**Problem statement**: Once you find the line with "Woven multi-colored mug" in the entries below, print it and each line after it up to and including the line with "Free Education PowerPoint Templates.", exactly, without pictures.

**Data supplied**:
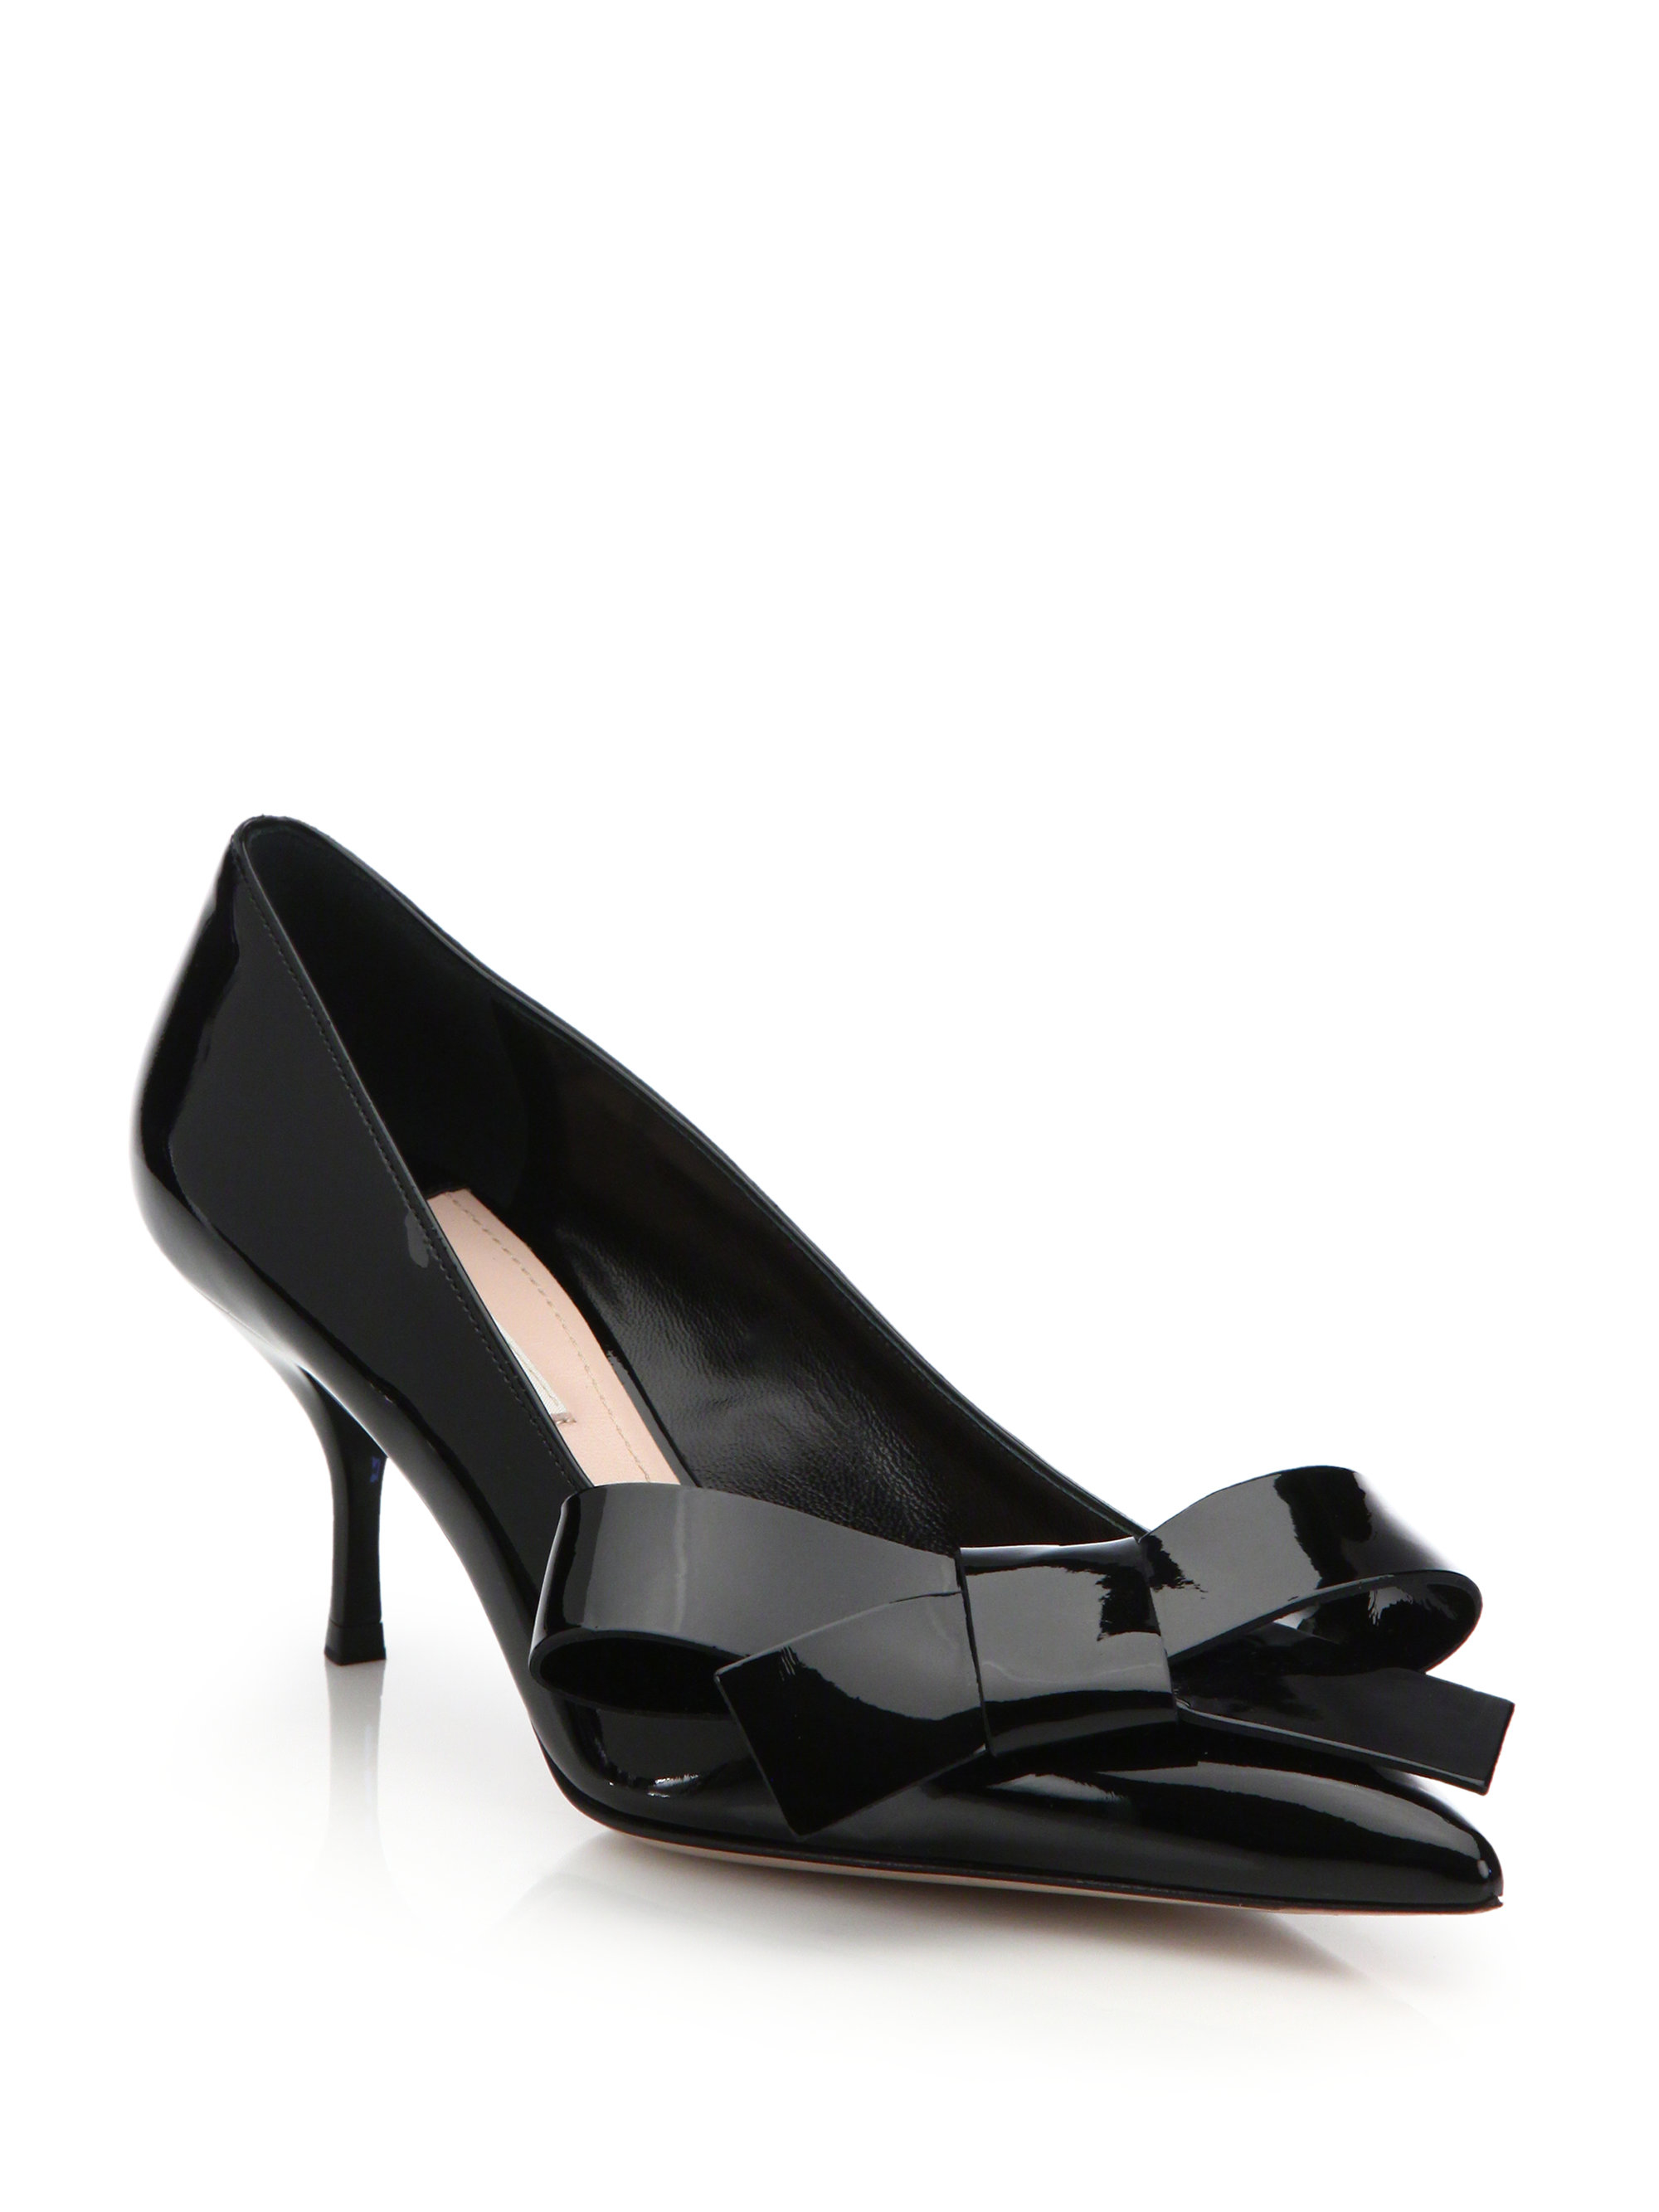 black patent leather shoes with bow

...

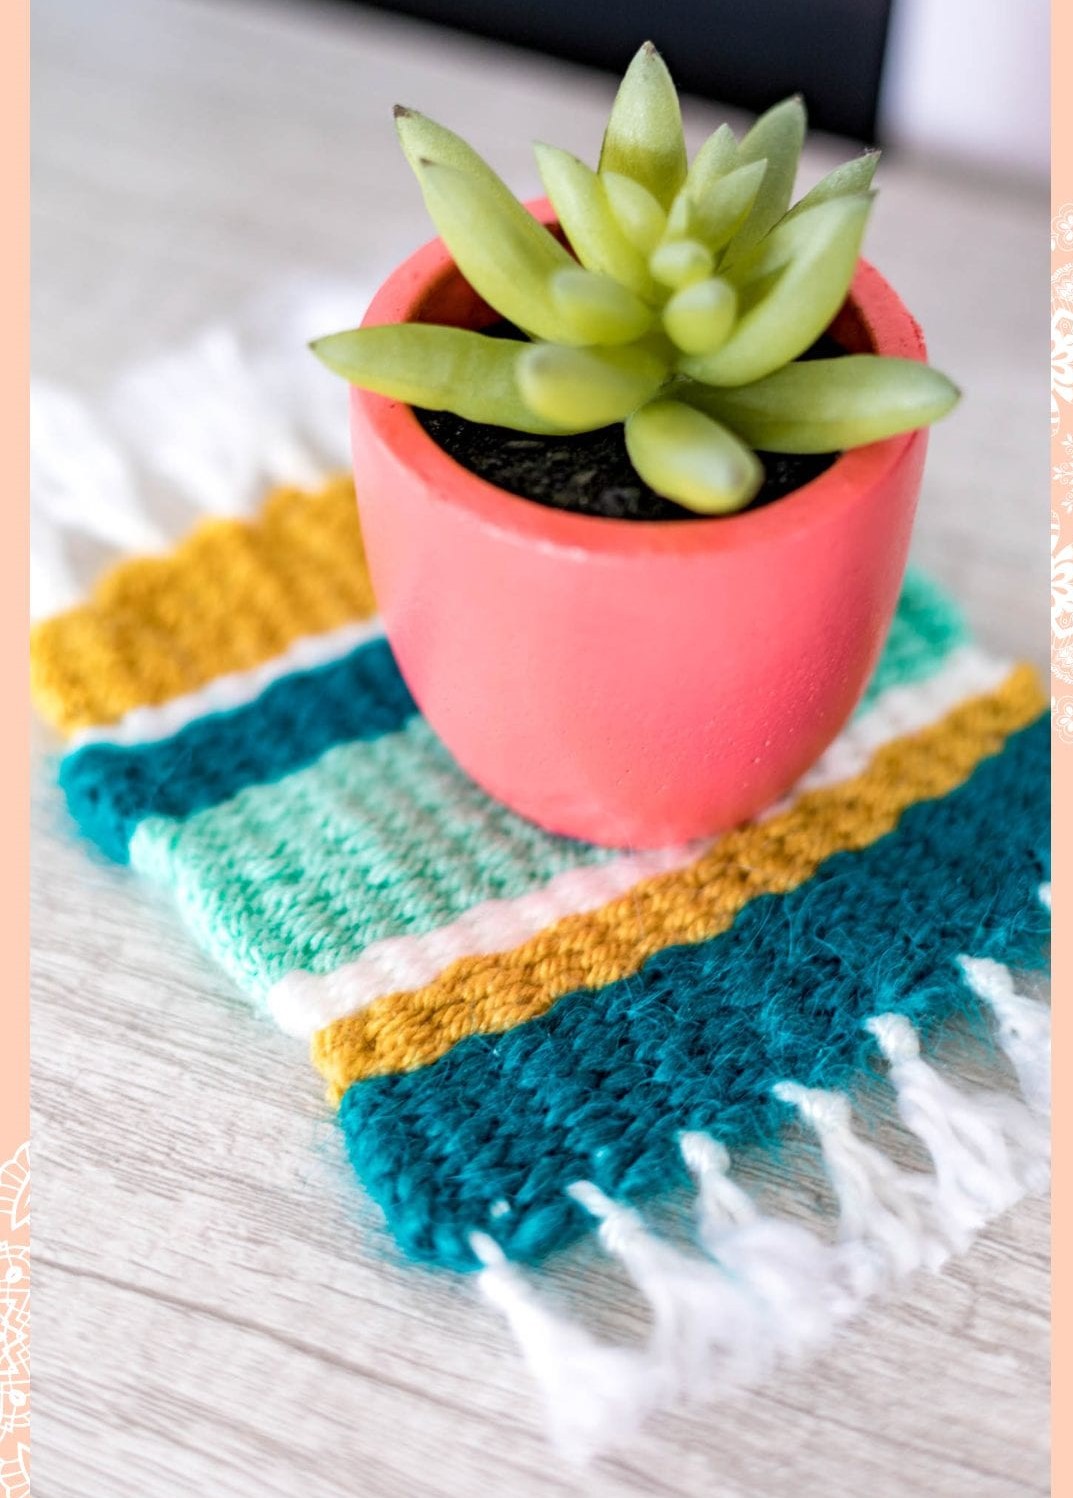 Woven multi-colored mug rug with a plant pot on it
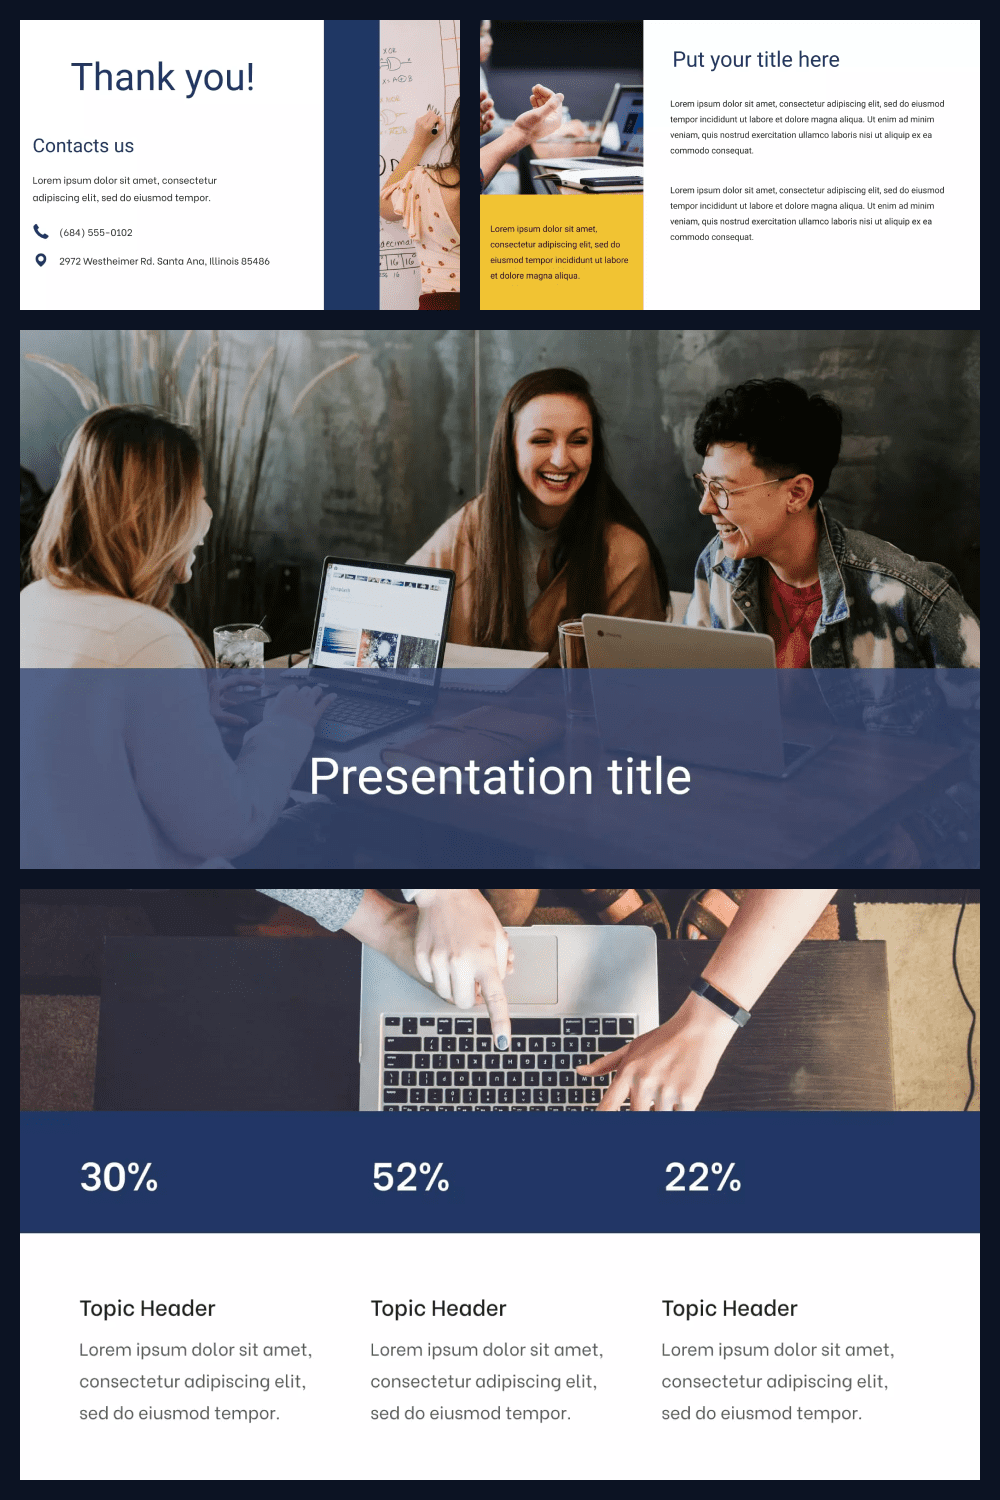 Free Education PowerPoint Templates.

**Written reply**:
 Woven multi-colored mug rug with a plant pot on it
 Free Education PowerPoint Templates.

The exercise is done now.